# butterfly jigs



## odie5962 (Aug 28, 2011)

I am interested to know more about using these butterfly jigs. I see that shimano has a shallow water series. I boat out of Freeport and go no more than 10-15 miles off in my 25' bay boat. My questions are:

1. What water depth does this type of fishing occur?
2. What species of fish do you fish for with this equipment?

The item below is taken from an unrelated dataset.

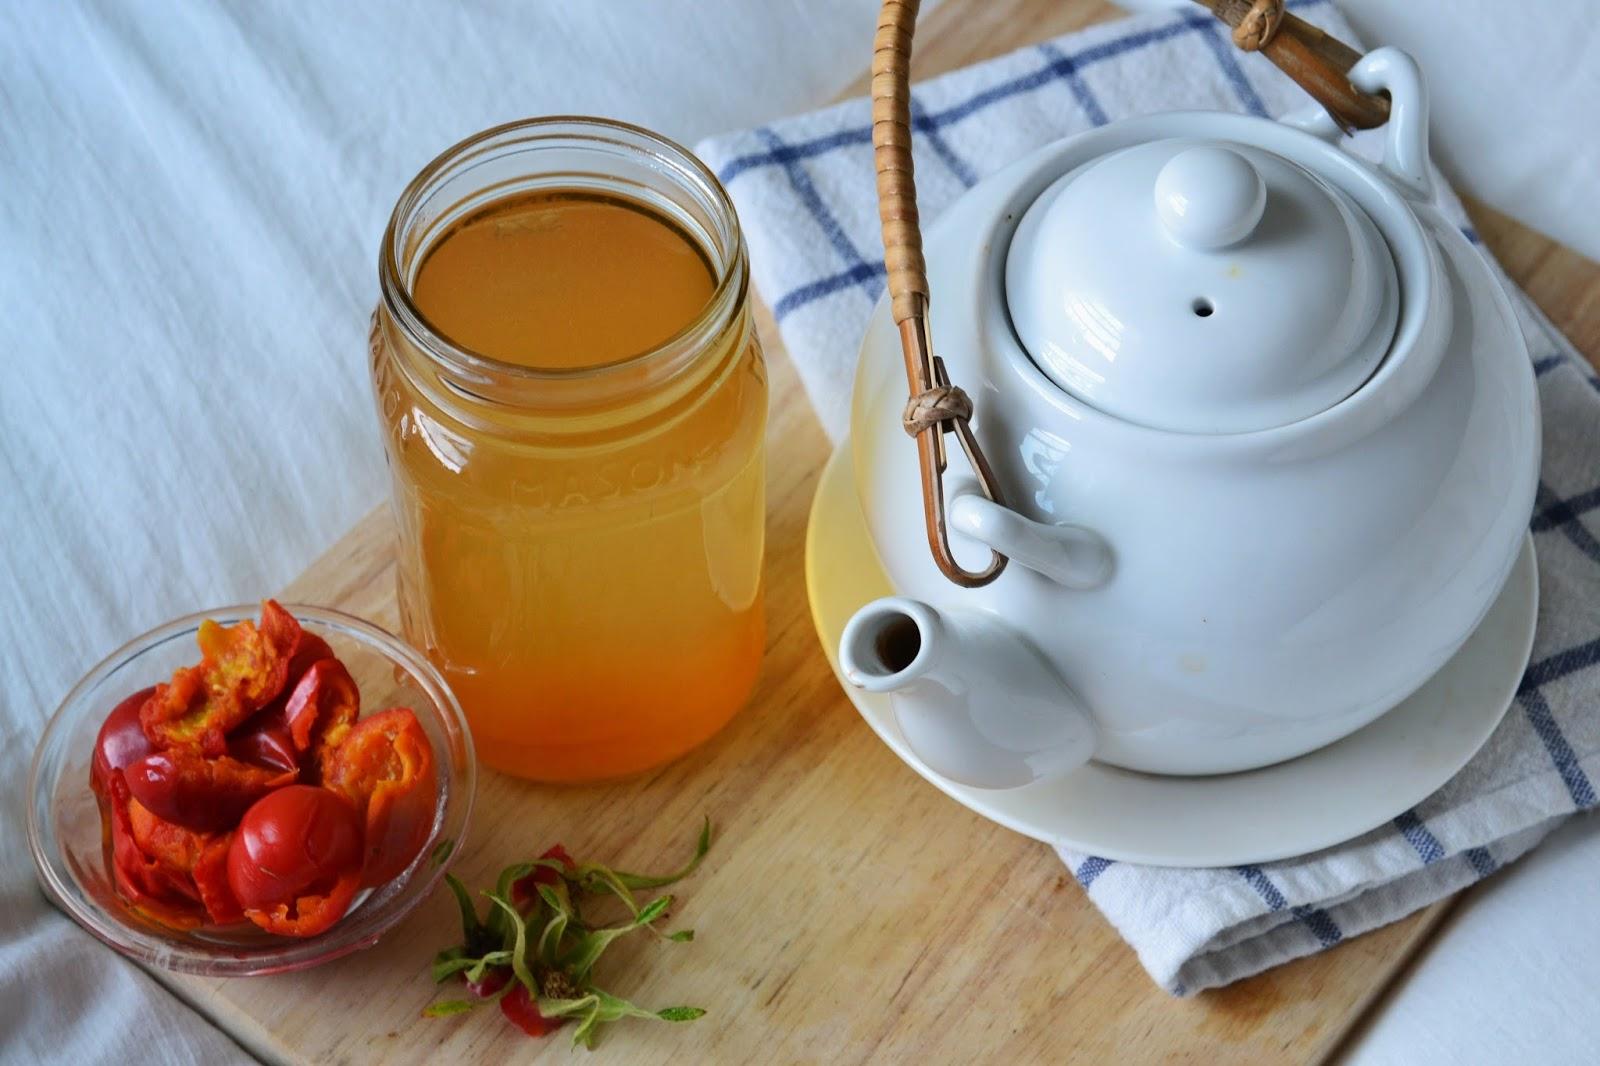 Приготовить чай из плодов шиповника достаточно просто
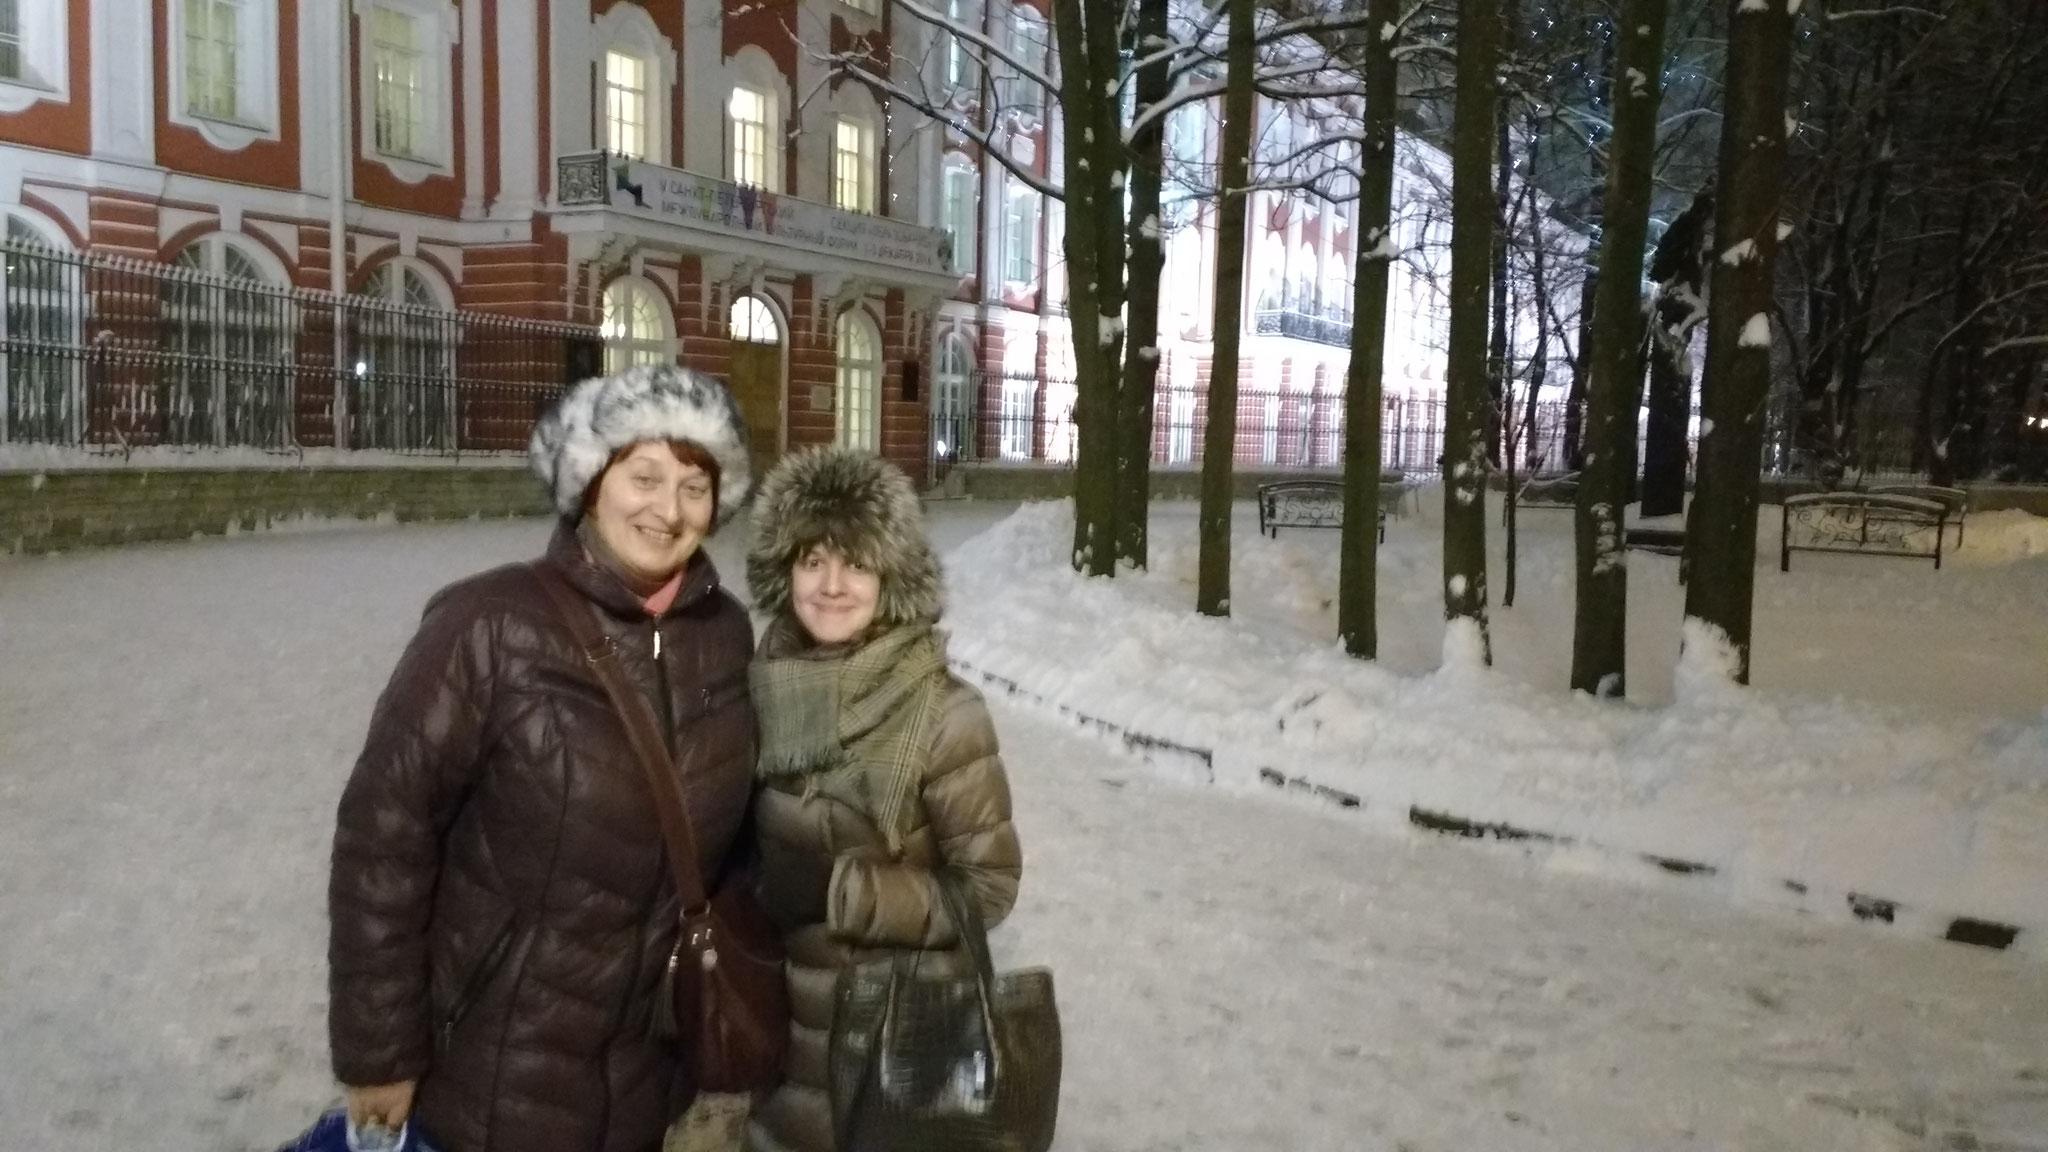 Lyudmila Milchakova (SPb Conservatoire) and Dasha (student) outside St Petersburg University.

I want to see if this type of fishing is something I can do, I would hate to waste money if I will not be targeting the right environment for this type of equipment.


----------



## mad marlin (Jan 17, 2008)

snapper when in season , occasional Aj & maybe grouper on that water depth, Depending on current you might need 100g to 200g jigs. I dont know exactly how deep is 10-15 miles out of Freeport but lest say 60-80' you should be able to use nicely a 100g.
regarding what water depth you are likely to drop to the bottom and work your way up.


----------



## ksong (Jun 30, 2004)

odie5962 said:


> I am interested to know more about using these butterfly jigs. I see that shimano has a shallow water series. I boat out of Freeport and go no more than 10-15 miles off in my 25' bay boat. My questions are:
> 
> 1. What water depth does this type of fishing occur?
> 2. What species of fish do you fish for with this equipment?
> ...


How deep do you fish and what kind of fish do you target on jigs ?


----------



## odie5962 (Aug 28, 2011)

ess I did not make my question clear, but I want to know what water depths these should be fished in to be effective and what kind of fish can I expect to see if doin ghtis technique.


----------



## ksong (Jun 30, 2004)

You can target any fish which eat live bait fish from snapper to tuna.
You jig not to catch more fish, but to catch on jigs as jigging is fun and challenging.
You can not describe the feeling when big tuna takes your jig and run. 
There are two distinctive jigging techniques.
One is to move jig up and down 
The other is to crank fast while jerking. 
Both works. 
Be careful. Jigging can be addictive.


----------



## mad marlin (Jan 17, 2008)

Kil sum it pretty much !
From Freeport 10-15 miles out you're still on the shallow shelf which I believe it goes from 60' deep to 90'. Im not a 100% sure on this but i think that what its.
There is a "rule of thumb" for jigs its that every gram = one meter , so 100g = 100mtrs. Personally i think that rule its a bit bold , however for what you're going to catch 100g are perfect .
dont get yourself hung on just shimano butterfly jigs there are a lot of more jigs with better action & price that the shimano.

Yes its very addictive


----------



## Brian10 (Sep 6, 2007)

I fish offshore in a 22' bay boat, so I fish in the same range as you. As Kil says, jigging is fun! I've basically caught most of the fish that we would target in our range. I use mostly 3-5 oz jigs with light rods and jig using the yo-yo style (using long strokes that target a particular water column depth).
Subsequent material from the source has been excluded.